Pihak Vidio menyadari sepenuhnya bahwa kehadiran konten yang segar dan relevan sangat ditunggu oleh para penggunanya yang mayoritas adalah anak muda. SVP Content Acquisition Vidio, Dhini W Prayogo, menyatakan optimisme tinggi mengenai jangkauan distribusi konten ini ke depannya.

Dhini menjelaskan bahwa kekuatan Vidio terletak pada kemudahan akses, baik melalui aplikasi mobile, situs web, hingga integrasi di perangkat Smart TV. Dengan jaringan luas yang dimiliki, Vidio yakin bisa membantu DW menjangkau pemirsa yang lebih banyak lagi di Indonesia maupun regional.

Ia juga menyebutkan bahwa Vidio sudah memiliki basis audiens tetap yang sangat loyal dalam mengonsumsi konten-konten berkualitas tinggi. Hal ini menjadi modal utama agar pesan dan cerita dalam The Scene dapat tersampaikan secara efektif kepada target yang tepat.

Selain berfungsi sebagai sarana hiburan, tayangan ini juga berperan penting dalam mengangkat realitas sosial yang membentuk identitas pemuda zaman sekarang. Perpaduan antara nilai budaya lokal dan global menjadi daya tarik tersendiri bagi penonton internasional.

Dhini W Prayogo mengaku merasa bangga karena talenta-talenta muda dari Indonesia kini mendapatkan kesempatan emas untuk tampil di level internasional.
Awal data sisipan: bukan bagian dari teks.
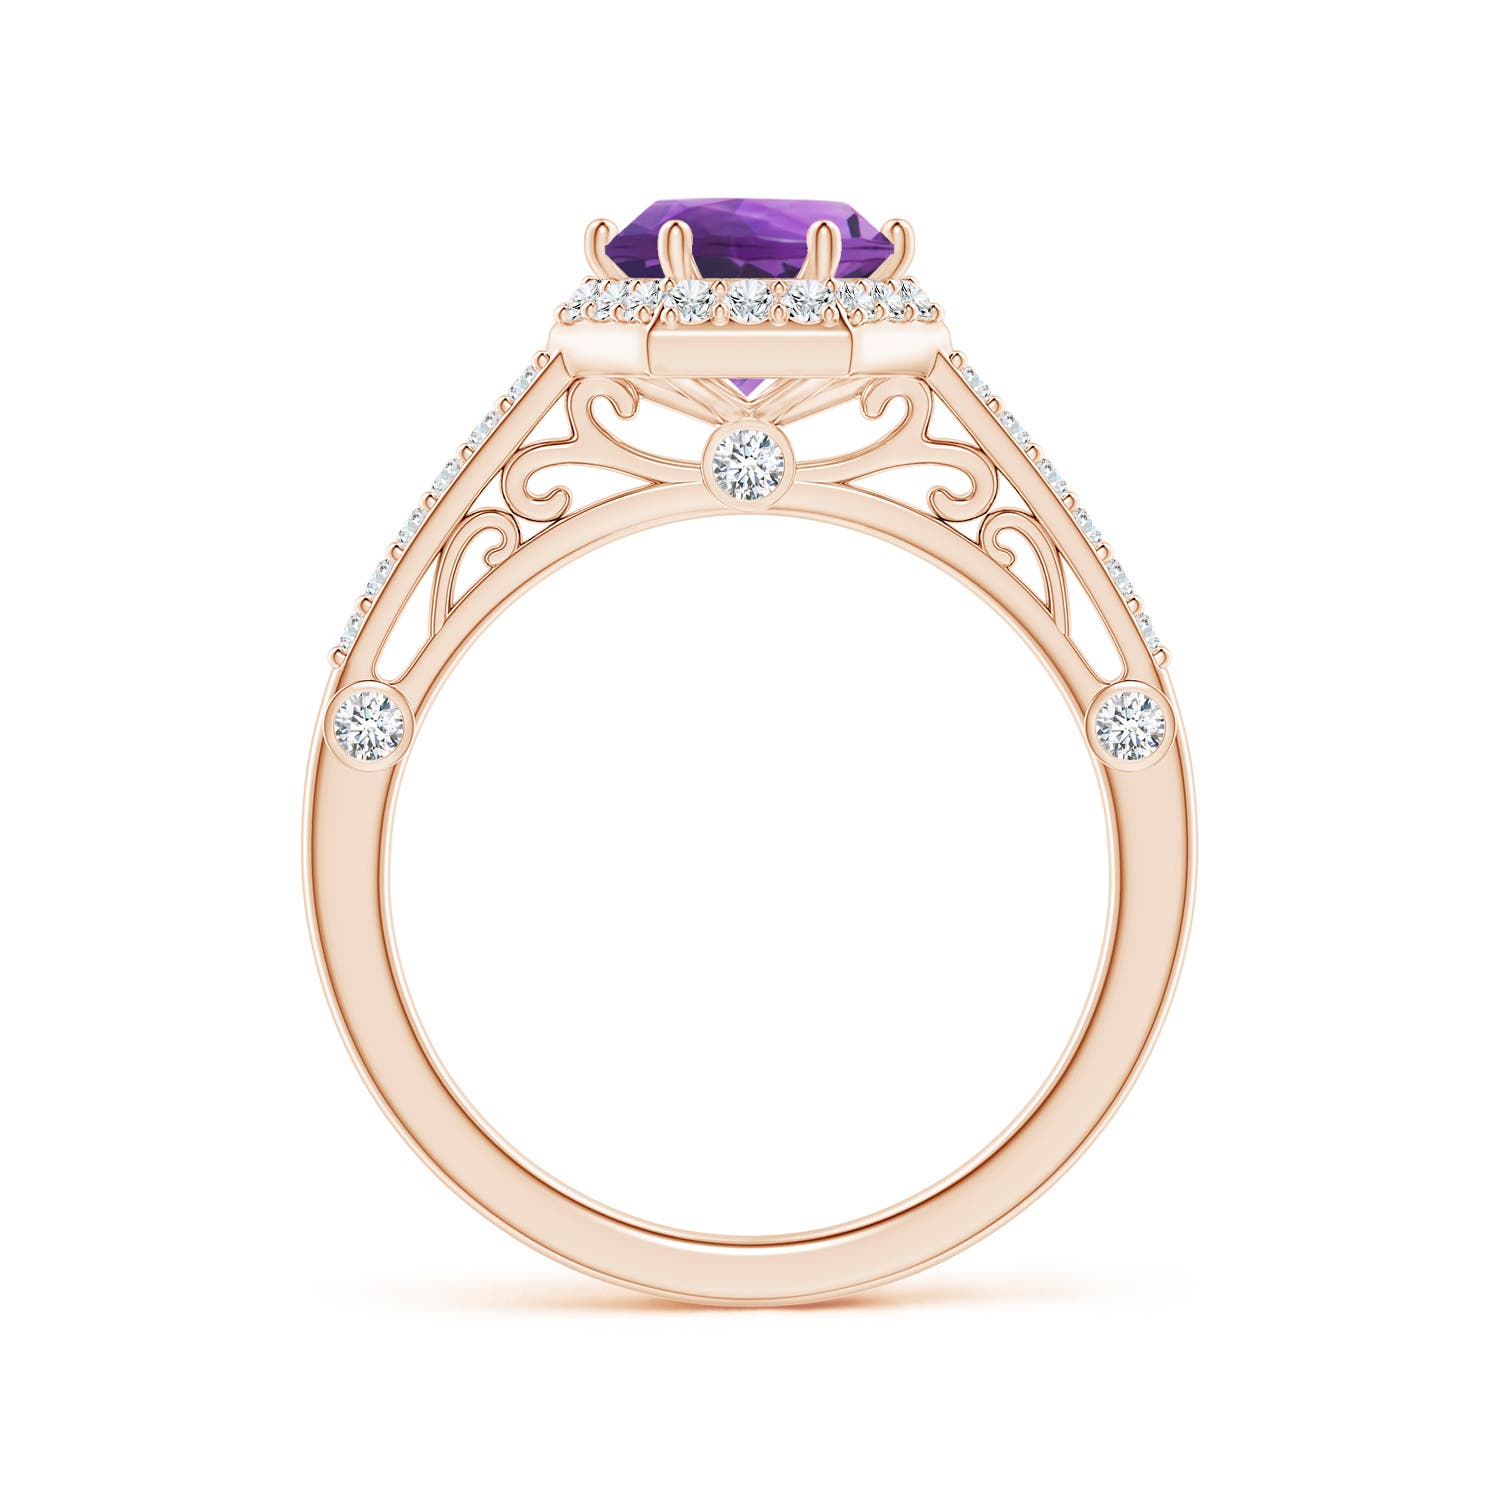 AAA - Amethyst / 1.52 CT / 14 KT Rose Gold

Menurutnya, sinergi antara konten lokal dan global di platform Vidio telah menciptakan ekosistem yang luar biasa.

Ia merasa sangat senang melihat para seniman dan narasumber muda Tanah Air bisa dikenal oleh audiens global melalui kanal DW Indonesia. "Melihat mereka bersanding bersama di atas panggung internasional adalah sebuah kebanggaan tersendiri bagi kami," tutup Dhini mengakhiri penjelasannya.

Ringkasan Distribusi dan Manfaat Konten

Berikut adalah rangkuman mengenai strategi distribusi serta nilai tambah dari kolaborasi ini:

Aspek Distribusi Detail dan Keunggulan
Ketersediaan Perangkat Dapat diakses via smartphone, tablet, laptop, dan Smart TV berbagai merek.
Jangkauan Wilayah Mencakup pasar domestik Indonesia hingga 11 negara di Asia Tenggara.
Keunggulan Konten Menggabungkan perspektif global DW dengan cita rasa lokal talenta Indonesia.
Dampak Sosial Mendorong dialog lintas budaya dan memberikan ruang bagi suara generasi muda.

Tabel tersebut menunjukkan betapa seriusnya kerja sama ini dalam memastikan bahwa setiap cerita dari pemuda Asia Tenggara dapat diakses dengan mudah oleh siapa saja. Melalui infrastruktur digital yang kuat, pesan-pesan inspiratif di dalam serial ini diharapkan mampu membawa perubahan positif.

Peluncuran The Scene juga membuktikan bahwa kreativitas anak muda Indonesia tidak kalah bersaing dengan negara lain di kancah regional. Serial ini kini sudah dapat dinikmati oleh para pelanggan setia Vidio yang ingin mencari inspirasi gaya hidup yang baru.